» **Work request**: Only one stretch of the records below is wanted: the lines from the one holding "Falcon 9 Starlink" through the one holding "Lost Dog in Savannah". Return it exactly, both ends included.

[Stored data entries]
--- START ---

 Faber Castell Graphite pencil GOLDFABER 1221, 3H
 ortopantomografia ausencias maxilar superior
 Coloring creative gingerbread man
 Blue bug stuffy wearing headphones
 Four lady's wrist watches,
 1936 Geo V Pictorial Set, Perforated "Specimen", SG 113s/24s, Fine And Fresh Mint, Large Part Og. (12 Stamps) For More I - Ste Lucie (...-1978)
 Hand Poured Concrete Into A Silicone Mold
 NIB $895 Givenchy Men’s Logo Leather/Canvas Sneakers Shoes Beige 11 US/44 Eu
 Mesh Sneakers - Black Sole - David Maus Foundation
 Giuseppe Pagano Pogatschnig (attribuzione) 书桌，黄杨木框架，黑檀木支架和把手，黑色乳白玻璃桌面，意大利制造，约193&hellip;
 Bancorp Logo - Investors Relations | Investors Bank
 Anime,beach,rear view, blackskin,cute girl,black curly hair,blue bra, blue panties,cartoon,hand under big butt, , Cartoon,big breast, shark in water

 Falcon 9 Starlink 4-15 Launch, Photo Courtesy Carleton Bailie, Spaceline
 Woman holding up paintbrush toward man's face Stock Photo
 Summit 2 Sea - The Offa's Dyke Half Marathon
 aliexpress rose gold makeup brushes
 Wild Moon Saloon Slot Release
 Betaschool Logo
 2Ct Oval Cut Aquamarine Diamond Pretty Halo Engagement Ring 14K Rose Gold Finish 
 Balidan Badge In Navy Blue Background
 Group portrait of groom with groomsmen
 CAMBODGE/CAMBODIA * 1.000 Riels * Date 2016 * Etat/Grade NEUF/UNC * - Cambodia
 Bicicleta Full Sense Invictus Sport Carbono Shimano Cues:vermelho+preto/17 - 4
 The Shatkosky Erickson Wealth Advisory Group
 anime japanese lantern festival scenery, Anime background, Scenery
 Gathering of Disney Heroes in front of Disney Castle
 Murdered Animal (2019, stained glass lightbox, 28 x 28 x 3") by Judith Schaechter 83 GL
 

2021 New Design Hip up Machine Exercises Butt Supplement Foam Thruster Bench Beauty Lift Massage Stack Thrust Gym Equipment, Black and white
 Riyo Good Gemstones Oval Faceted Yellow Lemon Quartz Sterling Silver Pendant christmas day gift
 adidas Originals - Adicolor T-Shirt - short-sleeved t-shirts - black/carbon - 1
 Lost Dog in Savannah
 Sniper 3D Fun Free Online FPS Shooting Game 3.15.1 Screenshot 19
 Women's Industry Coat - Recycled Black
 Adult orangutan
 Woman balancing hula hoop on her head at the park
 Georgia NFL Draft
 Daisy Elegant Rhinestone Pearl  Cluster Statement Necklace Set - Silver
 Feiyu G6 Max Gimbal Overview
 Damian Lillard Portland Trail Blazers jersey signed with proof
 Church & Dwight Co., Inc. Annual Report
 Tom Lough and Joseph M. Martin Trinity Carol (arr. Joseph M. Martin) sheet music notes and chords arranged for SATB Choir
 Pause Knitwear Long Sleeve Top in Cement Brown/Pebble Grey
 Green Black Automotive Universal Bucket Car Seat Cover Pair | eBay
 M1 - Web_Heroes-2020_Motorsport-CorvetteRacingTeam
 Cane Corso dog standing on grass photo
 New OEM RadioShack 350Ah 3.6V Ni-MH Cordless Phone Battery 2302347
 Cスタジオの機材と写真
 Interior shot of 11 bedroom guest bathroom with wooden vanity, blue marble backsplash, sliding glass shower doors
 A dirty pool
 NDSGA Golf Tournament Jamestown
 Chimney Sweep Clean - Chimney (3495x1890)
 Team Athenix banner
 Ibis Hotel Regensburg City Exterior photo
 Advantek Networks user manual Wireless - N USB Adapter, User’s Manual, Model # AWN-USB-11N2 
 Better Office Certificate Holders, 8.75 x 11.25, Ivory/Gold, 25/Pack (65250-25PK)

--- END ---

» **Reply**:
 Falcon 9 Starlink 4-15 Launch, Photo Courtesy Carleton Bailie, Spaceline
 Woman holding up paintbrush toward man's face Stock Photo
 Summit 2 Sea - The Offa's Dyke Half Marathon
 aliexpress rose gold makeup brushes
 Wild Moon Saloon Slot Release
 Betaschool Logo
 2Ct Oval Cut Aquamarine Diamond Pretty Halo Engagement Ring 14K Rose Gold Finish 
 Balidan Badge In Navy Blue Background
 Group portrait of groom with groomsmen
 CAMBODGE/CAMBODIA * 1.000 Riels * Date 2016 * Etat/Grade NEUF/UNC * - Cambodia
 Bicicleta Full Sense Invictus Sport Carbono Shimano Cues:vermelho+preto/17 - 4
 The Shatkosky Erickson Wealth Advisory Group
 anime japanese lantern festival scenery, Anime background, Scenery
 Gathering of Disney Heroes in front of Disney Castle
 Murdered Animal (2019, stained glass lightbox, 28 x 28 x 3") by Judith Schaechter 83 GL
 

2021 New Design Hip up Machine Exercises Butt Supplement Foam Thruster Bench Beauty Lift Massage Stack Thrust Gym Equipment, Black and white
 Riyo Good Gemstones Oval Faceted Yellow Lemon Quartz Sterling Silver Pendant christmas day gift
 adidas Originals - Adicolor T-Shirt - short-sleeved t-shirts - black/carbon - 1
 Lost Dog in Savannah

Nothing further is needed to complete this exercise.